» **Instructions for the task**:
Please print, exactly as written, the line containing "Photo 12x8 Blackwall" and each line after it through the end of the material; pictures stay out.

» **Supplied data**:
===
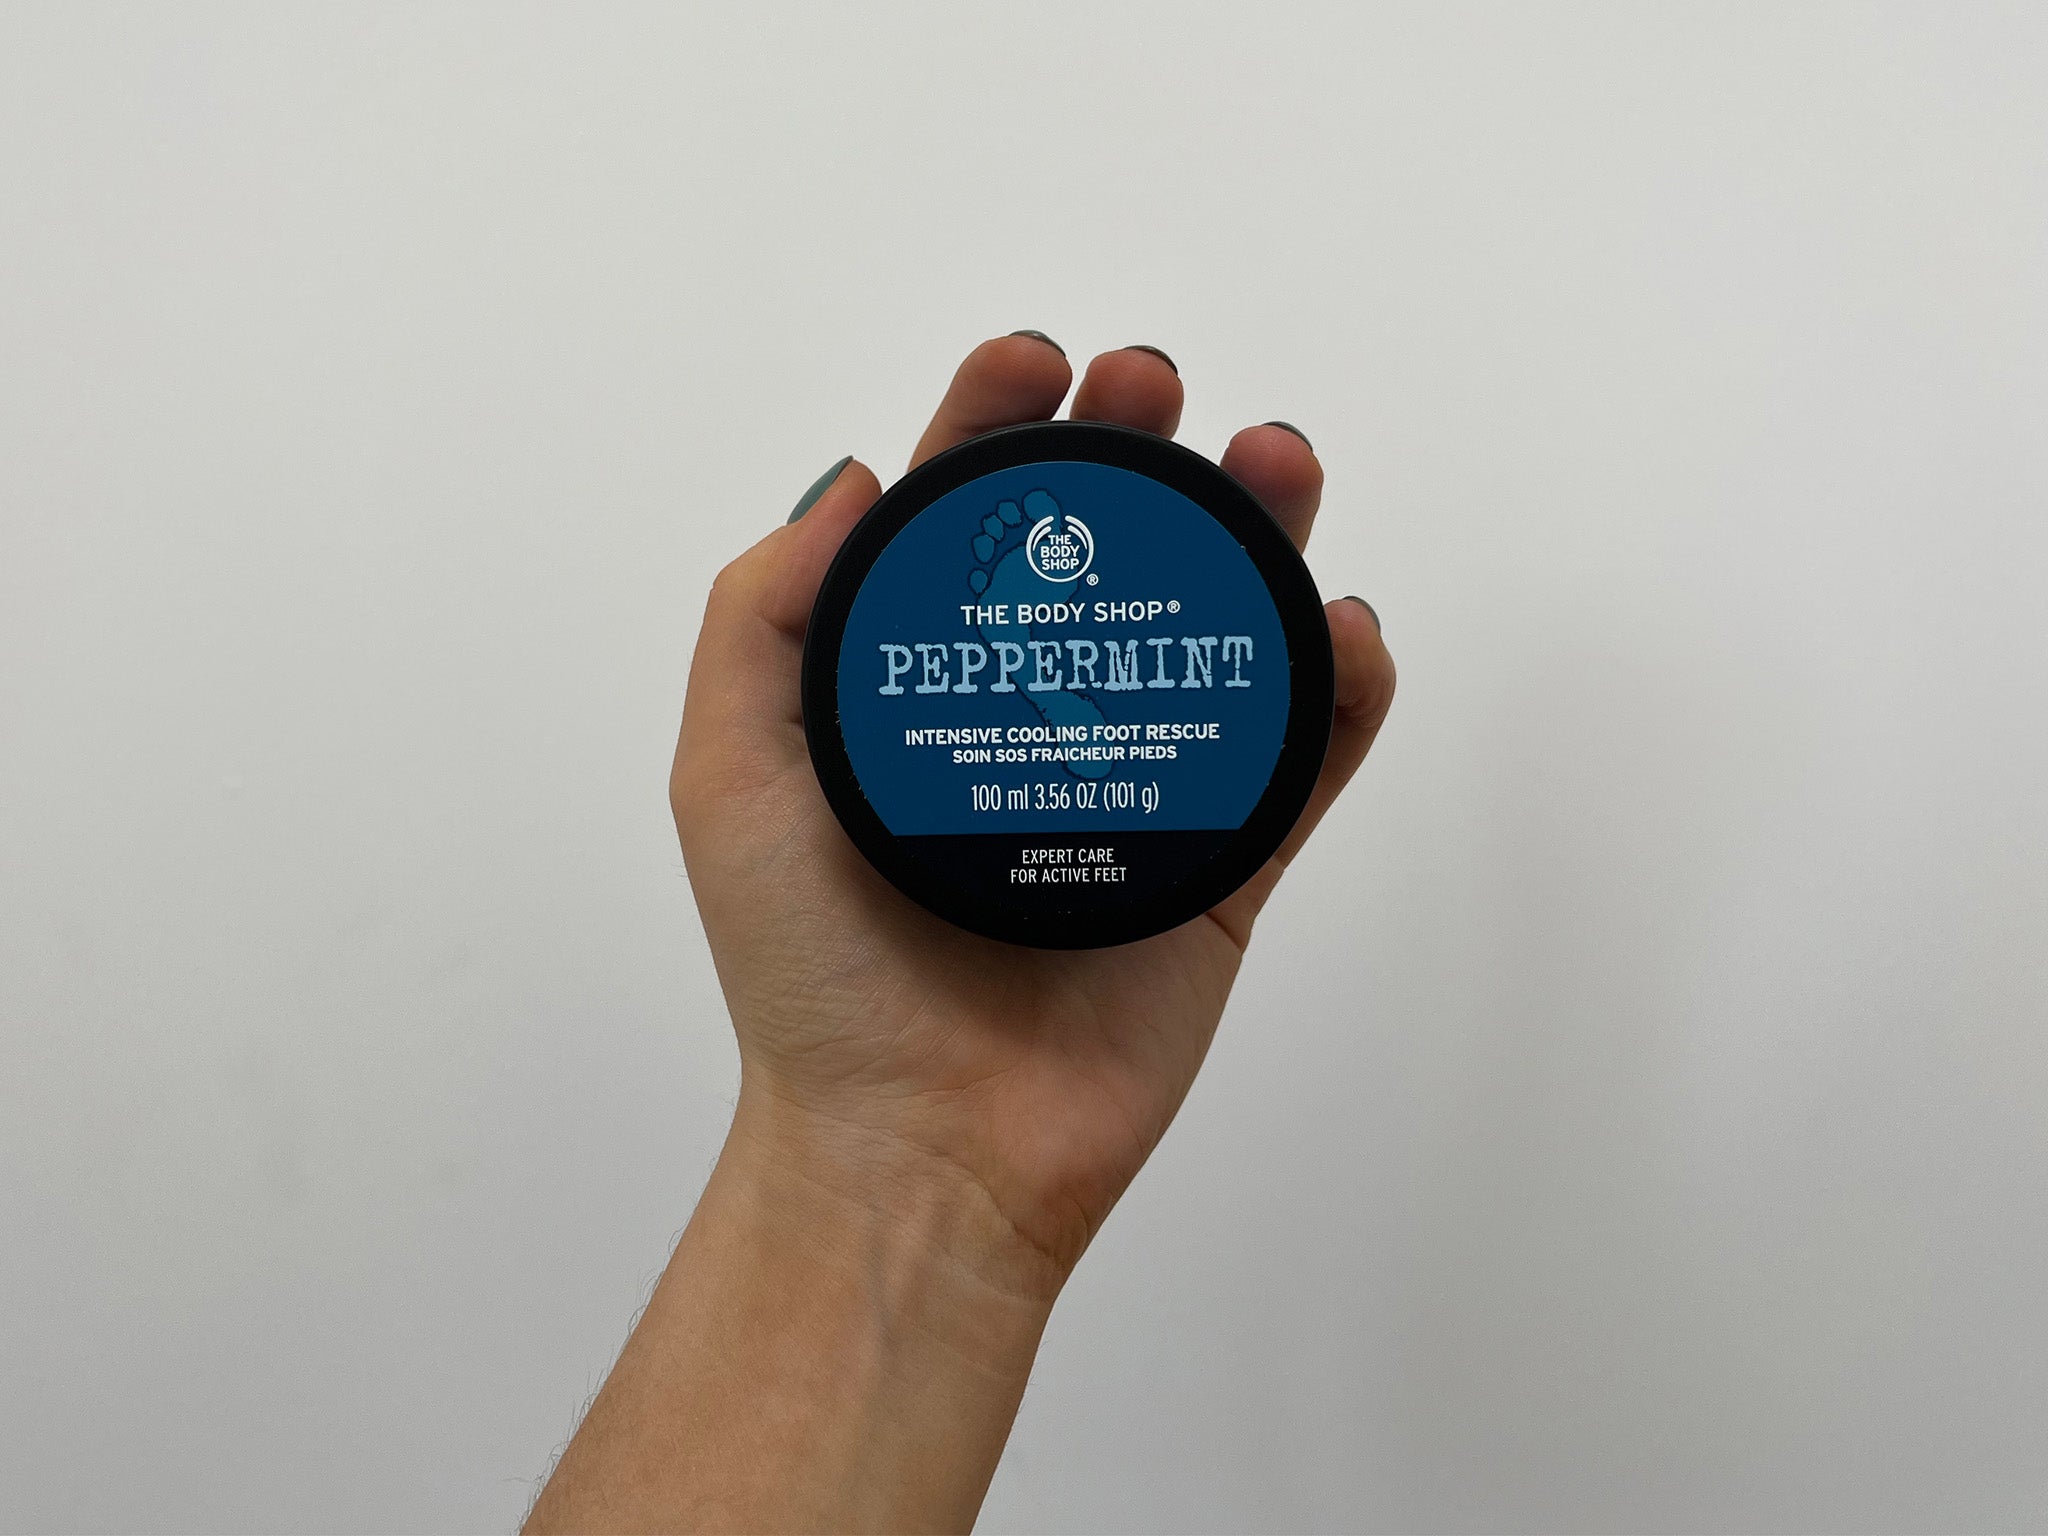 The Body Shop peppermint intensive cooling foot rescue
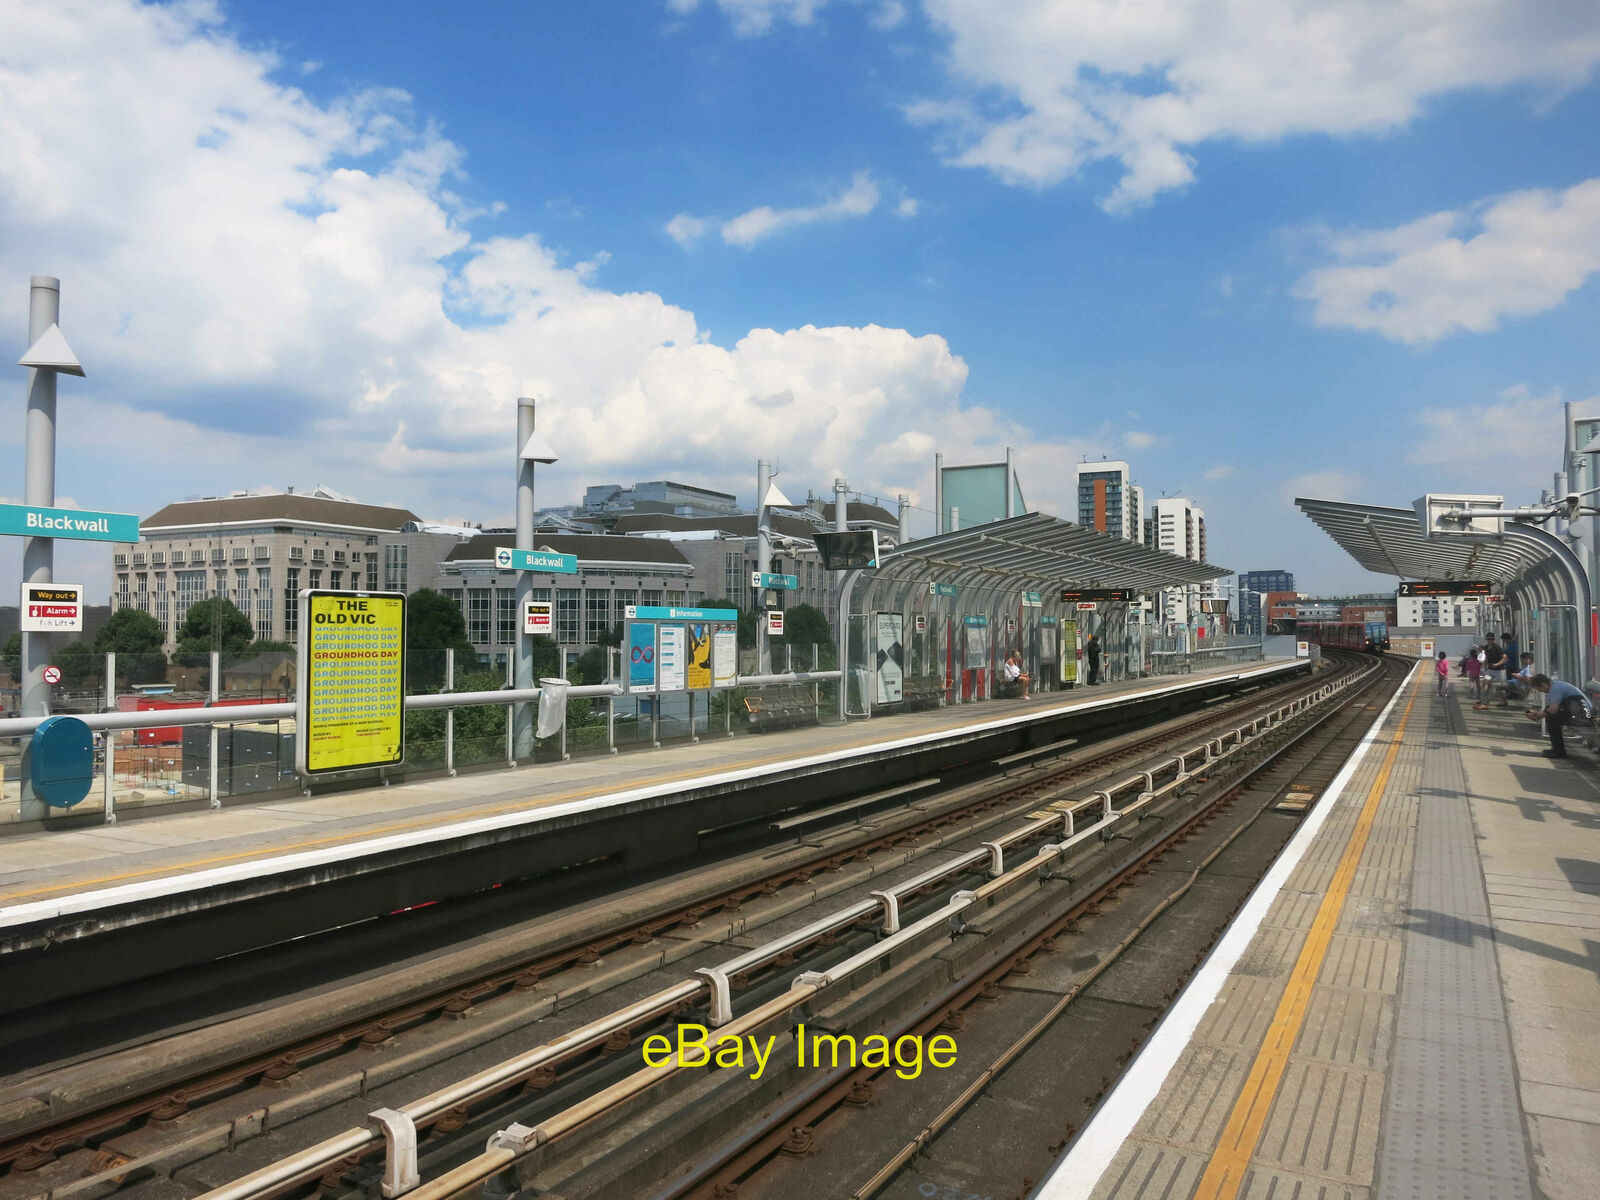 Photo 12x8 Blackwall Station Poplar "The DLR station opened, with the c2016
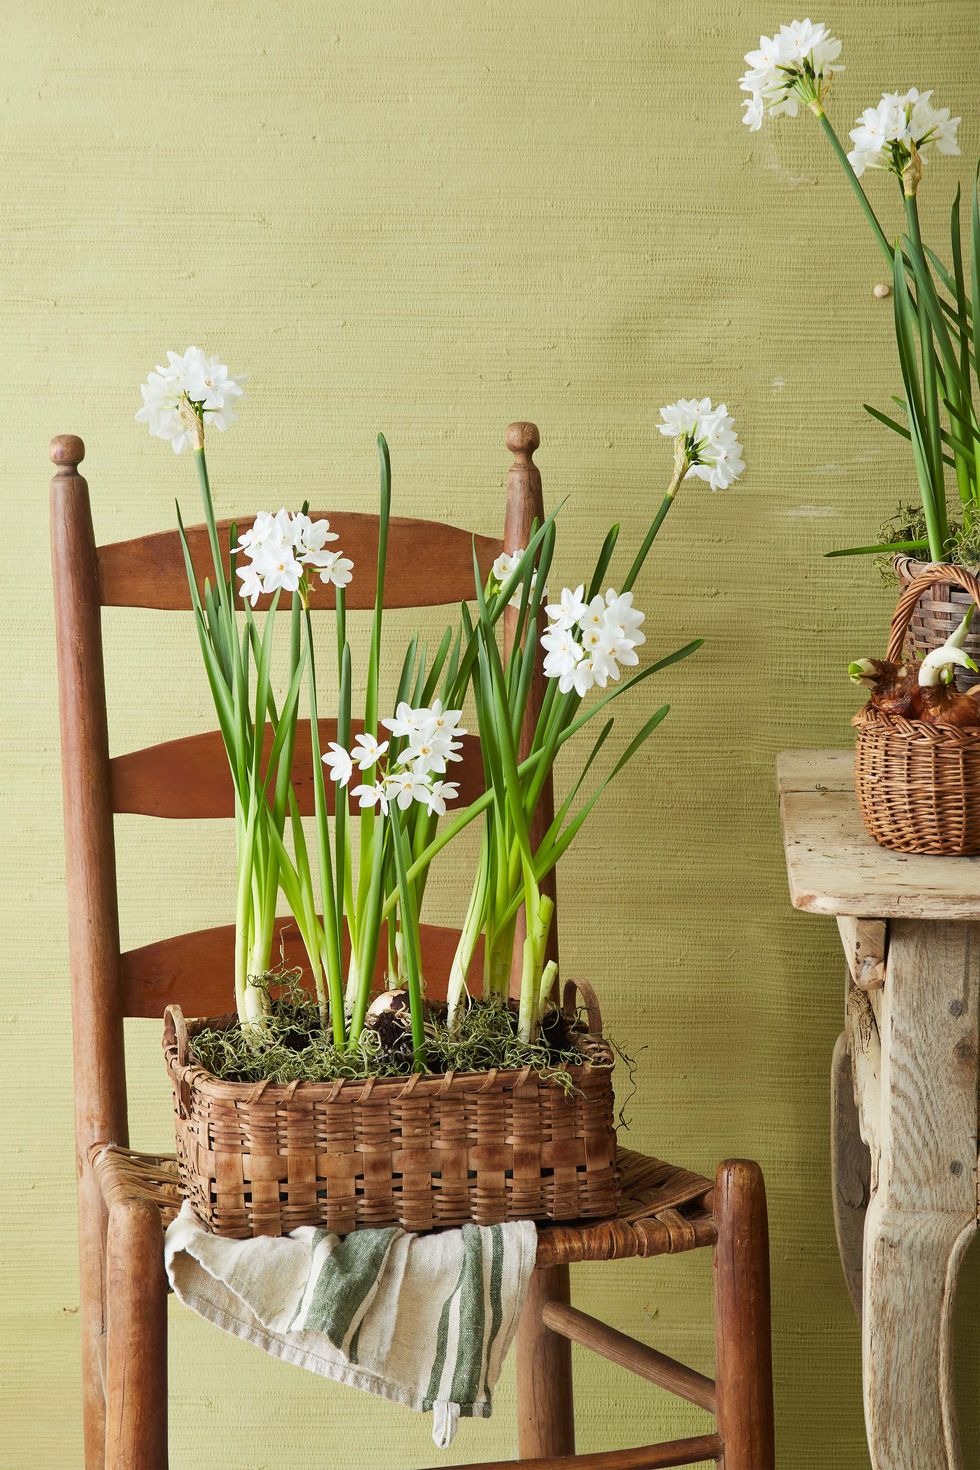 5 Easter Decor Ideas to Light Up Your Home
===
» **Reply**:
 Photo 12x8 Blackwall Station Poplar "The DLR station opened, with the c2016
 5 Easter Decor Ideas to Light Up Your Home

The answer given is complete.